Tubal blockage in the interstitial and isthmus of the fallopian tubes: Trans-X-ray tubal intervention reversal should be the first option, and if the reversal fails, IVF** should be performed. Due to the fact that under normal circumstances, trans-X-ray tubal intervention reversal often has only one chance, so the treating doctor must have such a concept, that is, to do a good job in the details of each interventional link, in order to meet the patient's opportunity and desire to achieve natural conception to the greatest extent, so it is very important to improve your medical skills as a doctor.
Blocked ampullary tubes: IVF**.
Fallopian tube umbrella blockage: one is to do laparoscopic tubal umbrella ostomy or open tubal umbrella toma, and the other is to do IVF, with a success rate of 20% each.

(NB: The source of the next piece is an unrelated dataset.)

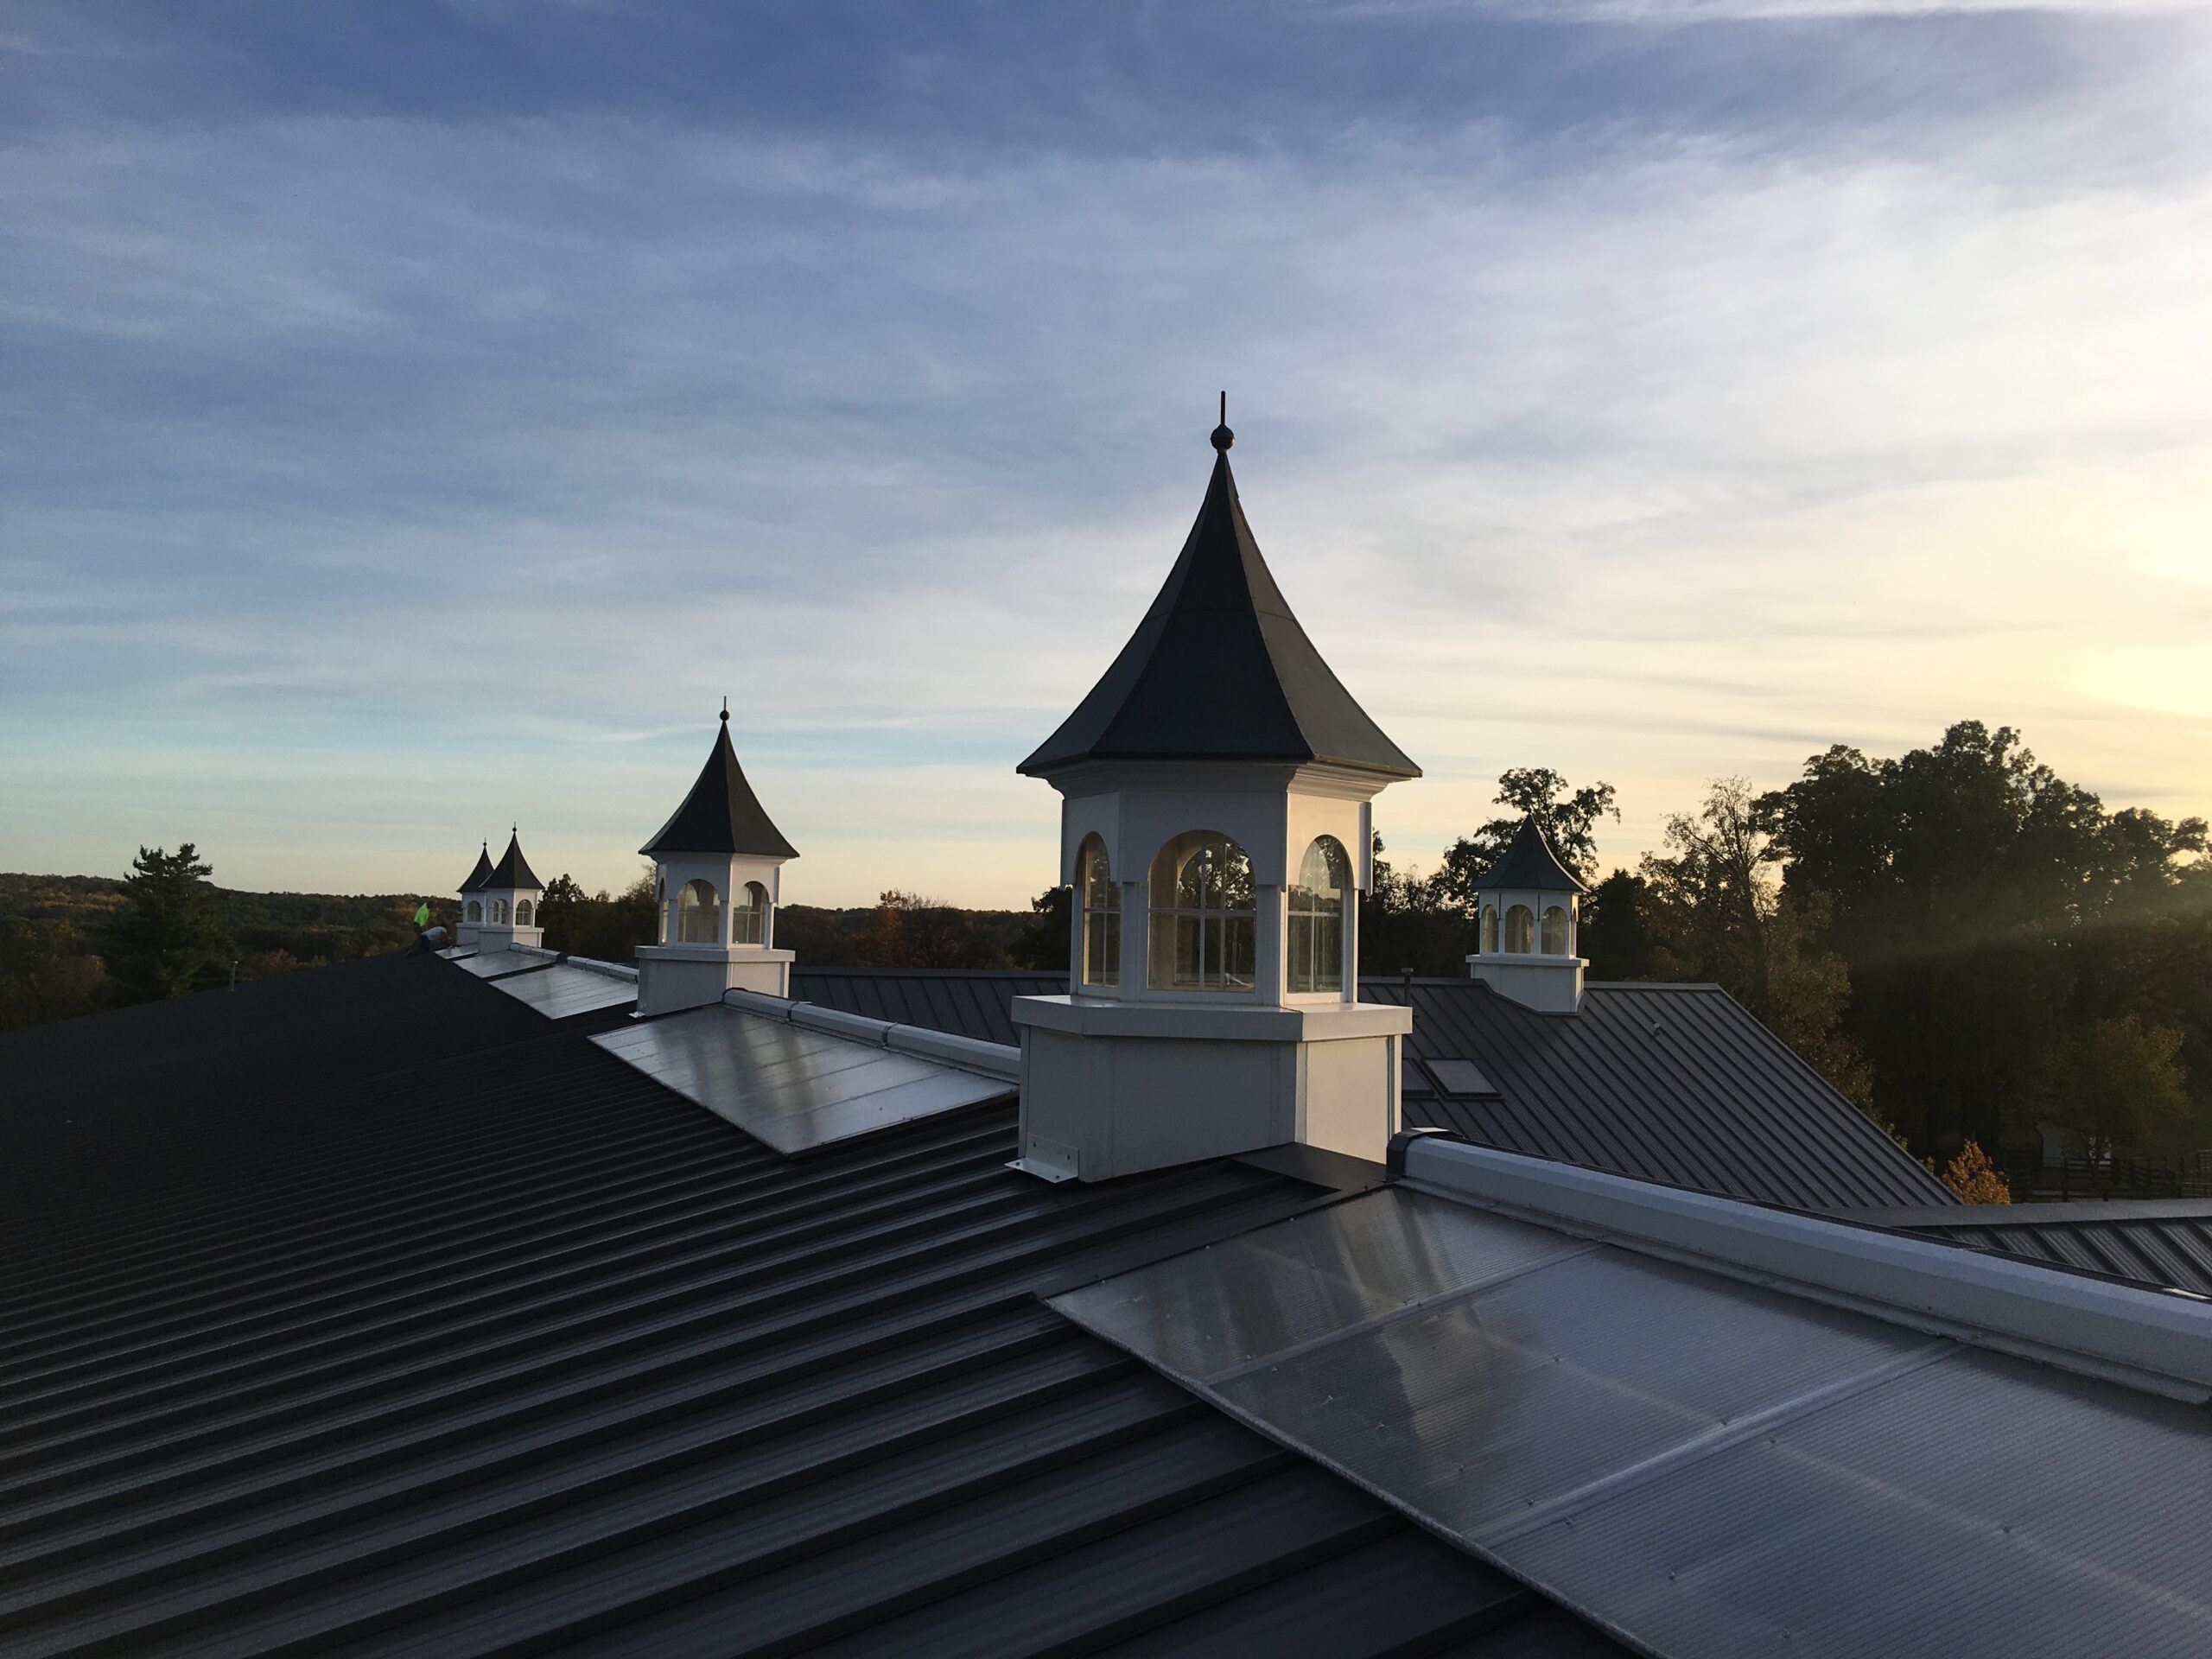 Musket Gray Standing Seam Metal Roof. Copper Cupolas. Standing Seam. Roofing. Metal Roofing. Northern Michigan Roofing.
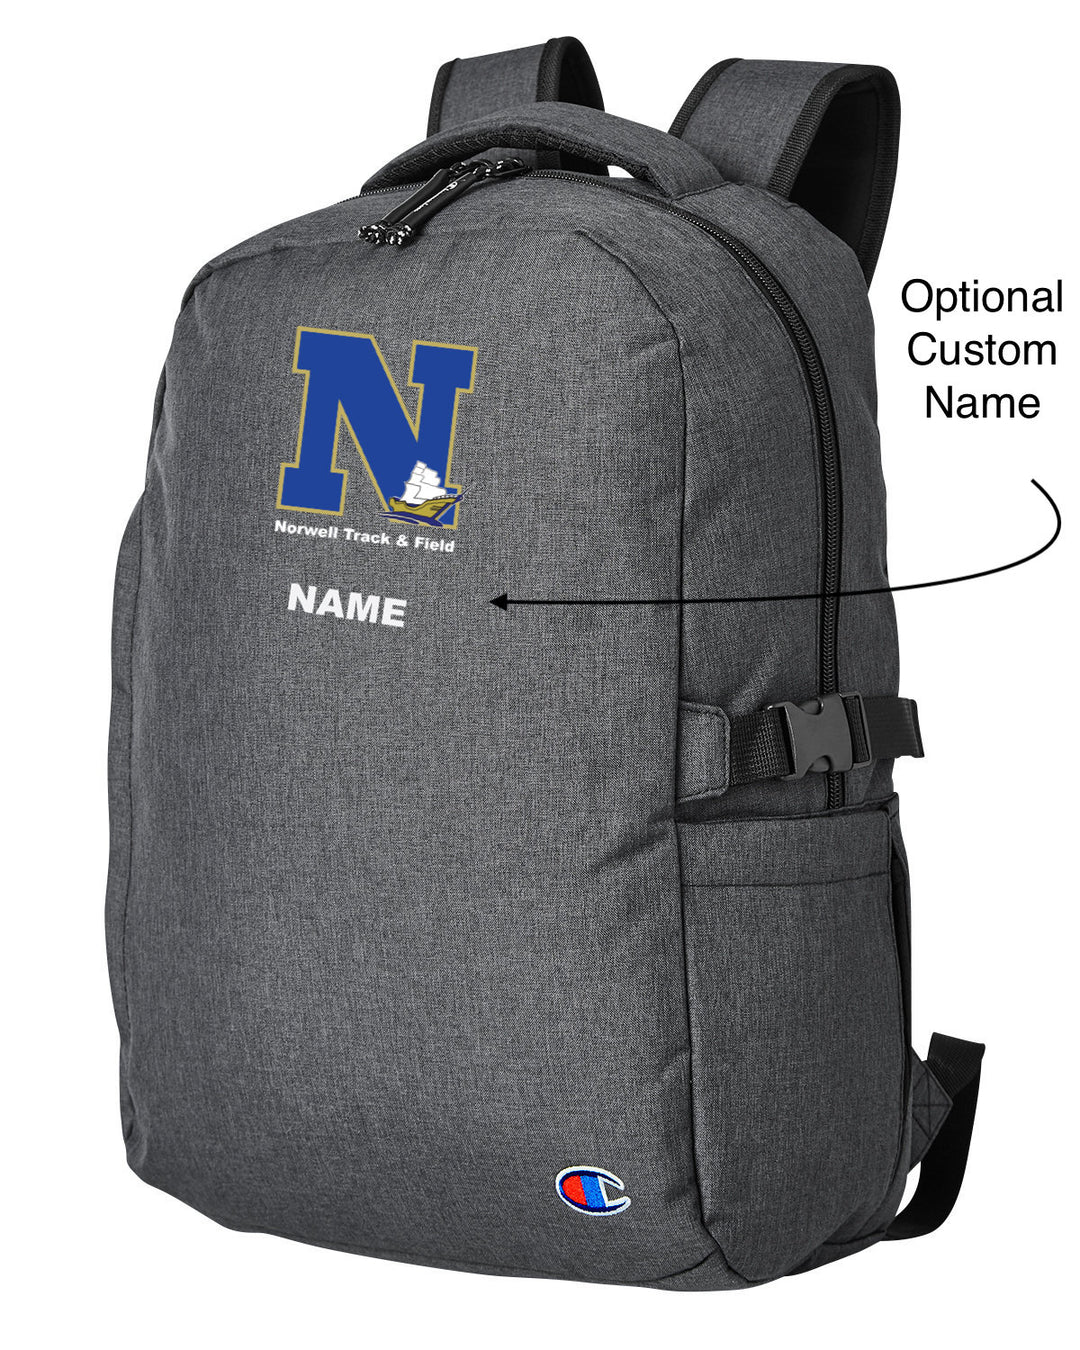 Norwell Track & Field Champion Backpack (CA1004)

Peritubal adhesions: It can cause dysfunction of tubal egg picking and egg transport, thus causing infertility. The main method is laparoscopic peritubal adhesion dissection.
Tubal tuberculosis: tubal reversal is prohibited due to tubal blockage**, and IVF can be performed if the endometrium is still good**.
Other ** methods of tubal blockage:
Tubal patency surgery: It can be performed after 3 days from the clean menstruation. 160,000 units of gentamicin, 2 ml of procaine, 5 mg of dexamethasone, and 5 mg of -chymotrypsin were dissolved in 20 ml of normal saline and injected into the uterine cavity through a tubal passage catheter.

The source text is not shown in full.